1. **Signatures are Important!**
   - They document what your model expects
   - They enable input validation
   - They're required for some deployment targets

2. **Three Ways to Create Signatures:**
   ```python
   # Method 1: Automatic inference (easiest)
   signature = mlflow.models.infer_signature(X, predictions)
   
   # Method 2: ColSpec (for tabular data)
   input_schema = Schema([ColSpec("double", "feature_name")])
   signature = ModelSignature(inputs=input_schema, outputs=output_schema)
   
   # Method 3: TensorSpec (for tensors/deep learning)
   input_schema = Schema([TensorSpec(np.dtype("float32"), (-1, 10))])
   signature = ModelSignature(inputs=input_schema, outputs=output_schema)
   ```

3. **Best Practices:**
   - Always include a signature when logging models
   - Use `infer_signature()` for quick development
   - Use manual signatures for production models
   - Test that your signature works with real inputs

In [11]:
print("="*60)
print("Signatures Tutorial Complete!")
print("="*60)
print(f"\nView models at: {TRACKING_URI}")
print("\nWhat you learned:")
print("  1. What signatures are and why they matter")
print("  2. How to infer signatures automatically")
print("  3. How to define ColSpec signatures for tabular data")
print("  4. How to define TensorSpec signatures for tensors")
print("  5. How signature validation works")
print("\nCheck the models in MLflow UI to see their signatures!")

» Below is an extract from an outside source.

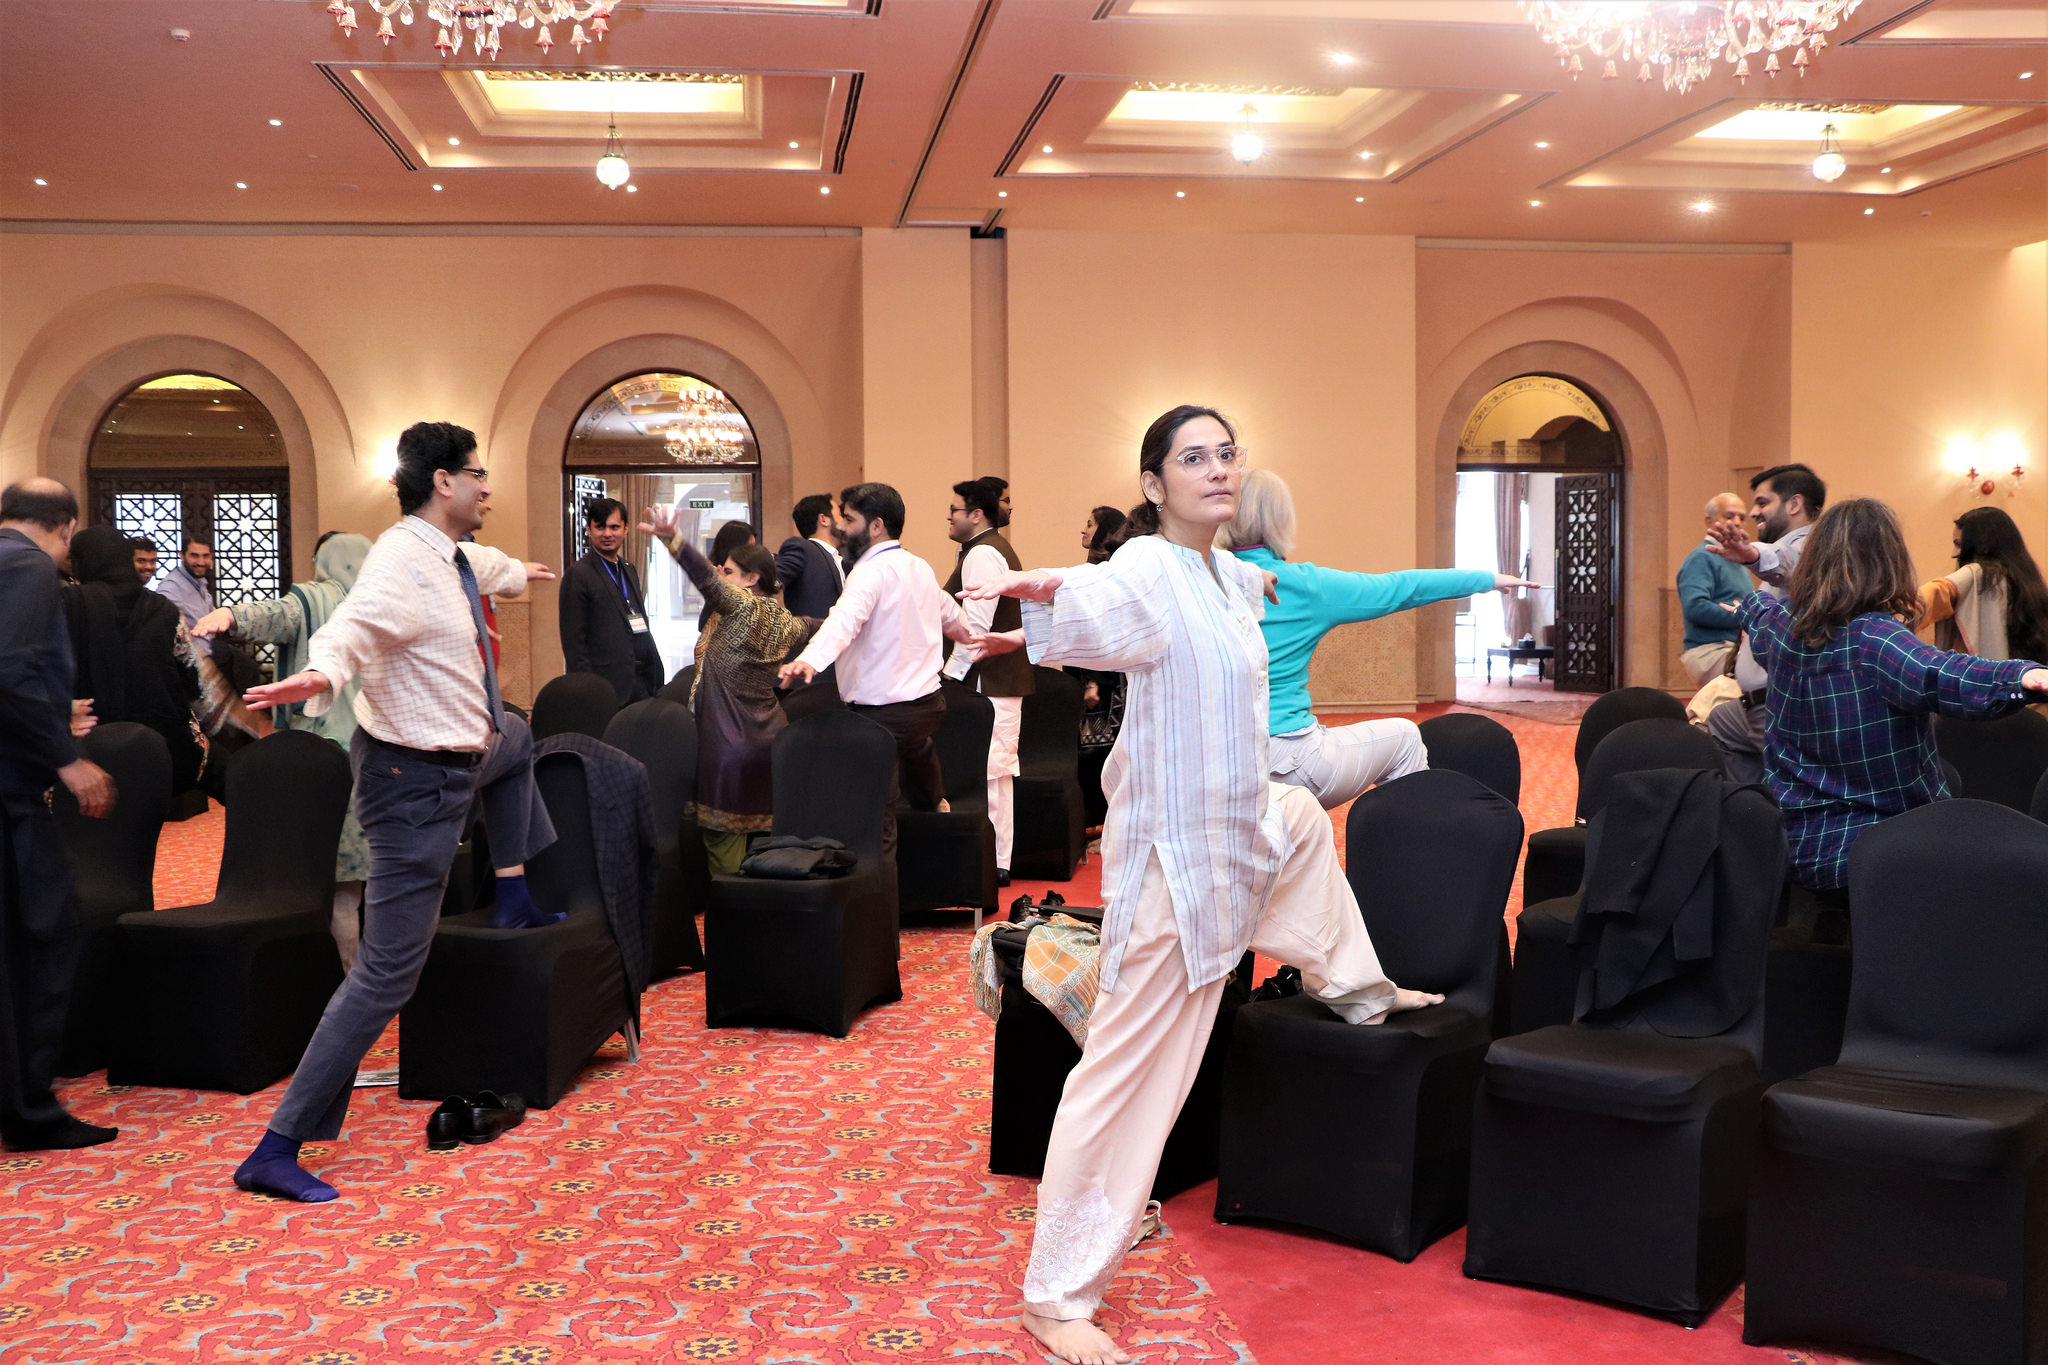 Participants enjoy yoga and meditation in a masterclass by Nadia Akram
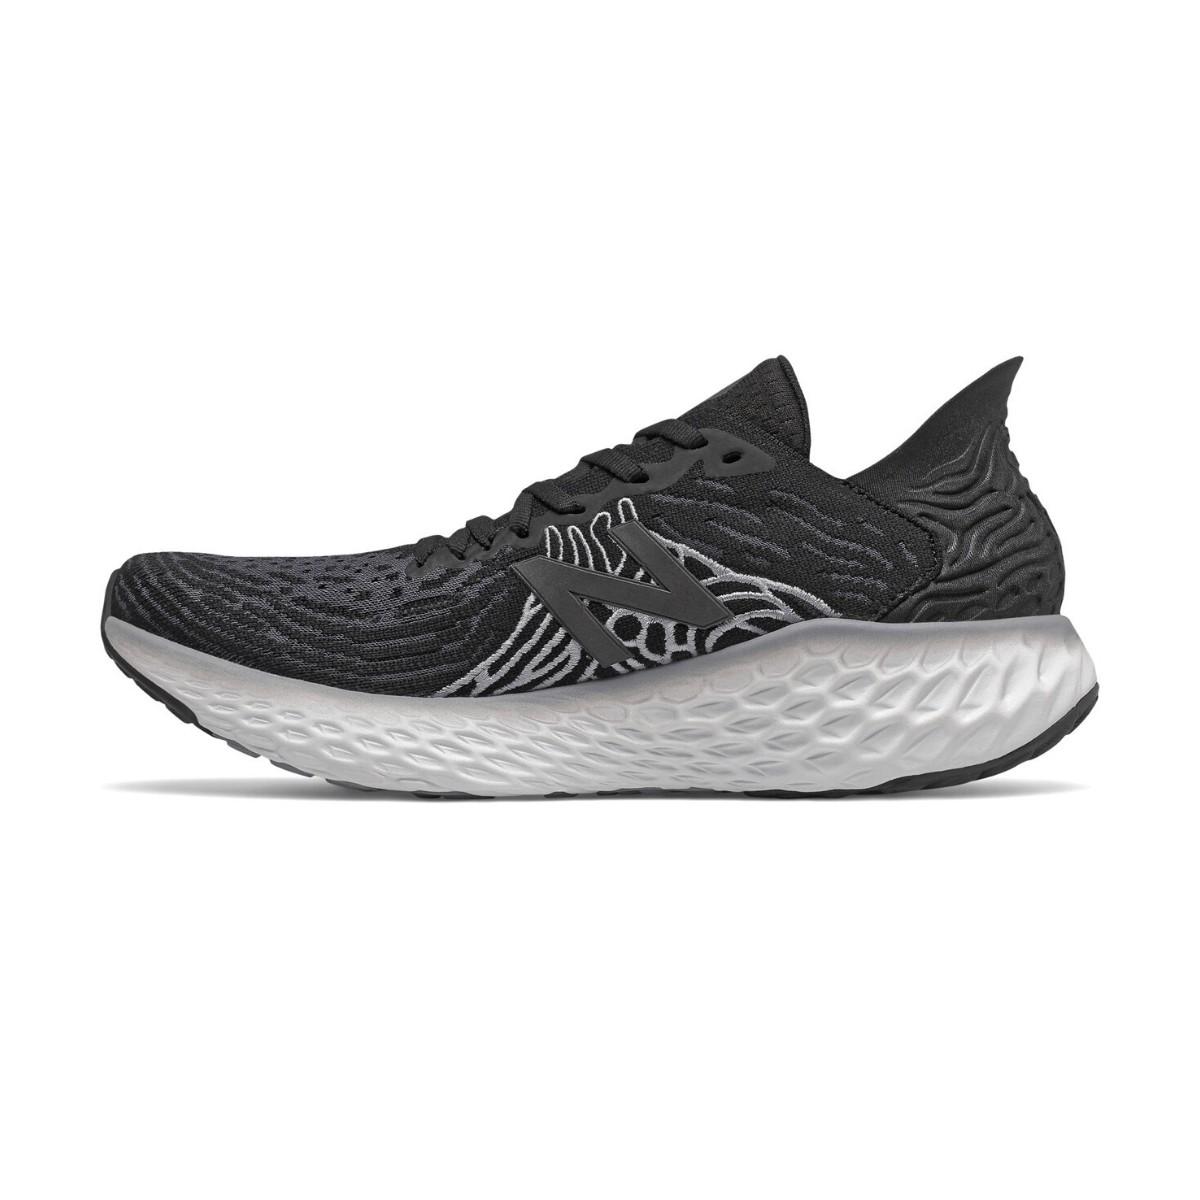 Zapatillas New Balance 1080 v10 Fresh Foam Negro Acero

Signatures Tutorial Complete!

View models at: http://localhost:5000

What you learned:
  1. What signatures are and why they matter
  2. How to infer signatures automatically
  3. How to define ColSpec signatures for tabular data
  4. How to define TensorSpec signatures for tensors
  5. How signature validation works

Check the models in MLflow UI to see their signatures!